Puis vint le bois rouge. Ah le bois rouge… avec le Carthame c’est mon préféré pour l’instant, étant donné les coloris intenses que j’ai obtenu.

Tous ces essais ont été faits uniquement avec une décoction de copeaux. La macération dans l’alcool ne donnant pas de meilleurs résultats, je me suis abstenue d’en respirer les vapeurs inutilement.

Au centre, soie (mordancée)  sans autres ajouts. En haut au milieu, et dans le sens des aiguilles d’une montre, tous essais sur laine : laine sans ajout (c’est à dire, dans le même bain que la soie, la différence est incroyable !), le beige rosé : ajout de sulfate de fer, le violet-rose : ajout de bicarbonate + sulfate de fer,  le rouge : ajout de soude caustique (la nuance sur la laine avec soude caustique est proche de celle de la soie sans rien), le magenta : ajout de bicarbonate de soude.

Essais avec du rocou :

A droite, décoction des graines à l’eau, à gauche, ajout en plus de soude caustique pour obtenir un jaune d’or (source Dominique Cardon). La teinture au rocou, comme pour le Carthame, ne nécessite pas de mordançage préalable.

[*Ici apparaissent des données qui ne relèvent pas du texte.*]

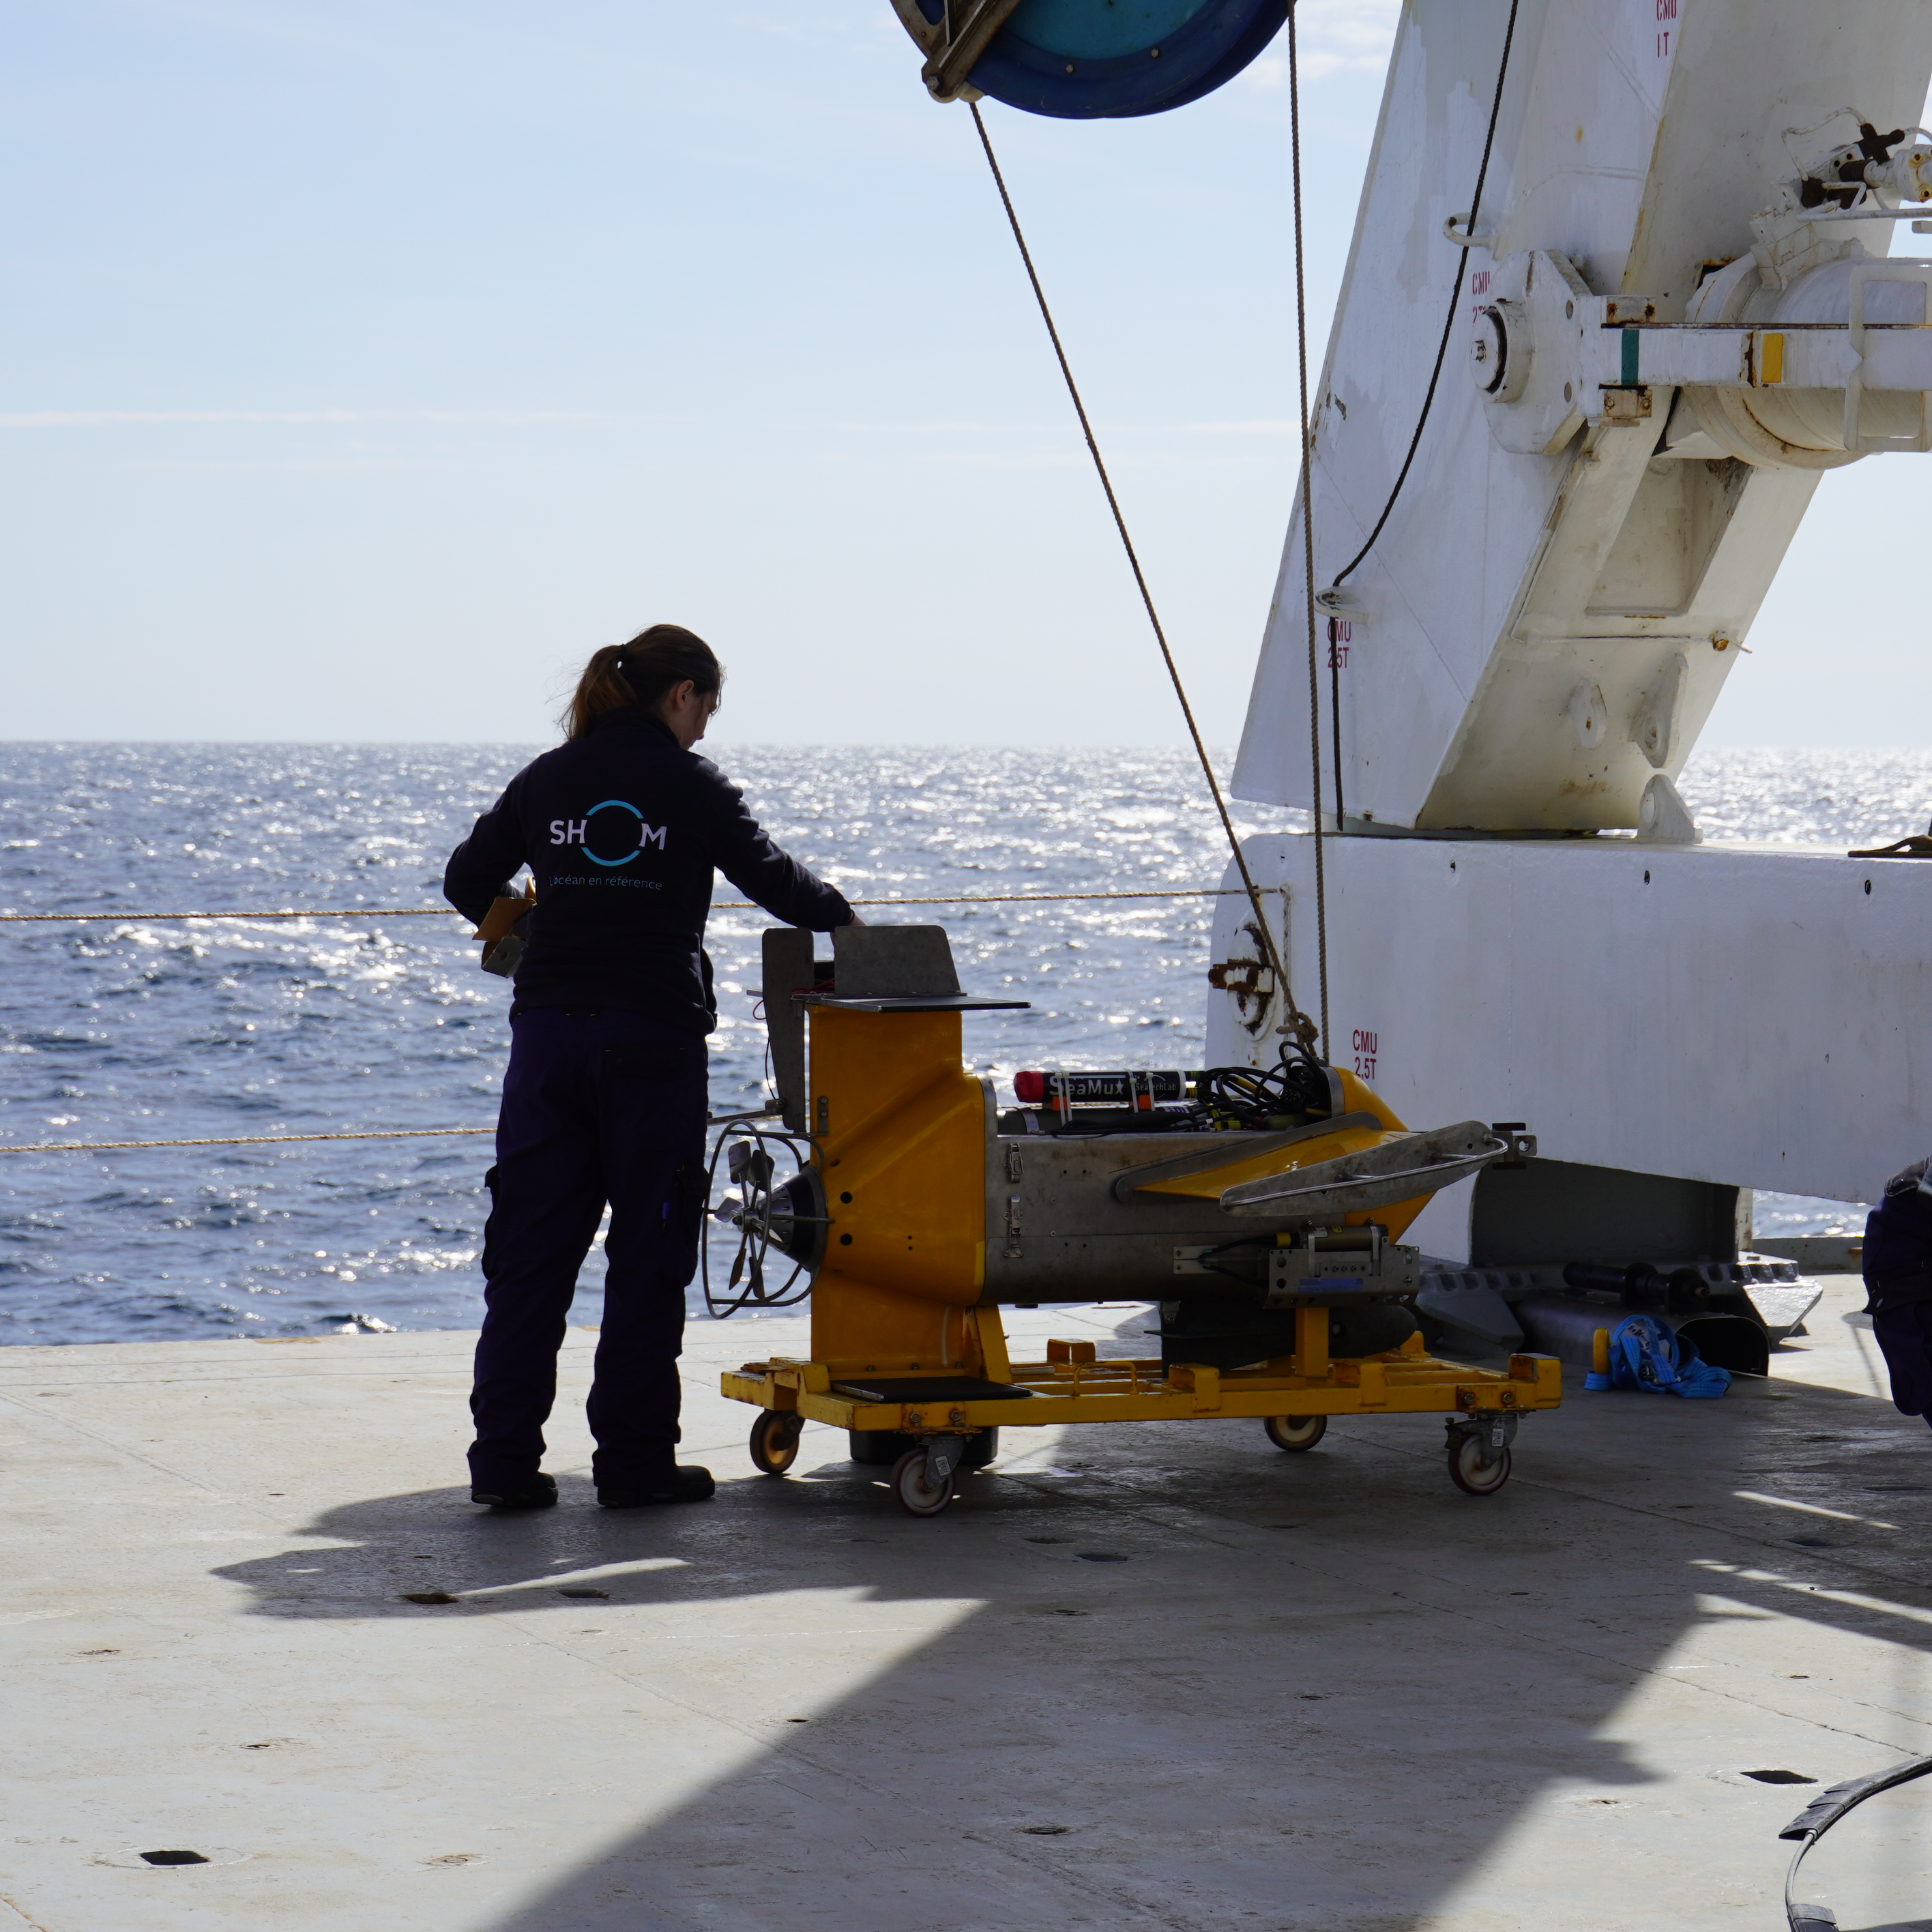 Equipe scientifique et technique sur la plage arrière de l'Atalante lors de la mise à l'eau du VMP500 destiné à mesurer les microstructures et évaluer les niveaux de turbulence - (c) Shom

Et puis enfin mes essais récents :

À gauche du coton mordancé au Tara avec ajout de sulfate de fer pour obtenir un noir violacé, en haut rocou sur mohair et soie, à droite carthame sur du lin (rhâââ !:wub_tb: ). Le Tara est intéressant car il permet de mordancer le coton, j’y consacrerais d’ailleurs des essais.

Voilà pour mes débuts. Je ne pensais pas obtenir des couleurs si vives, mais je pense que l’eau que j’utilise a son importance. Ici l’eau vient du massif forestier, elle est légèrement acide (elle a d’ailleurs un goût que je n’aime pas trop). Il semble que l’eau douce donne de bien meilleurs résultats que l’eau dure. Il est conseillé, en cas de résultats décevants, d’ajouter un tout petit peu de vinaigre dans l’eau, ou bien d’utiliser de l’eau déminéralisée, de l’eau de pluie ou de l’eau adoucie.

Aussi, quand on parle « teintures végétales » ou « teintures naturelles », on pense tout de suite au côté bio (la santé), et au côté respect de l’environnement. Nombre de sites et d’ouvrages sur le sujet, parlent de mordancer au chrome et à l’étain, qui sont des métaux lourds, dangereux pour la santé, et très nocifs pour l’environnement. Personnellement, ce sont deux produits que je n’utiliserai pas. Si je veux une couleur vive qui tienne dans le temps, j’aime autant utiliser les teintures « chimiques ».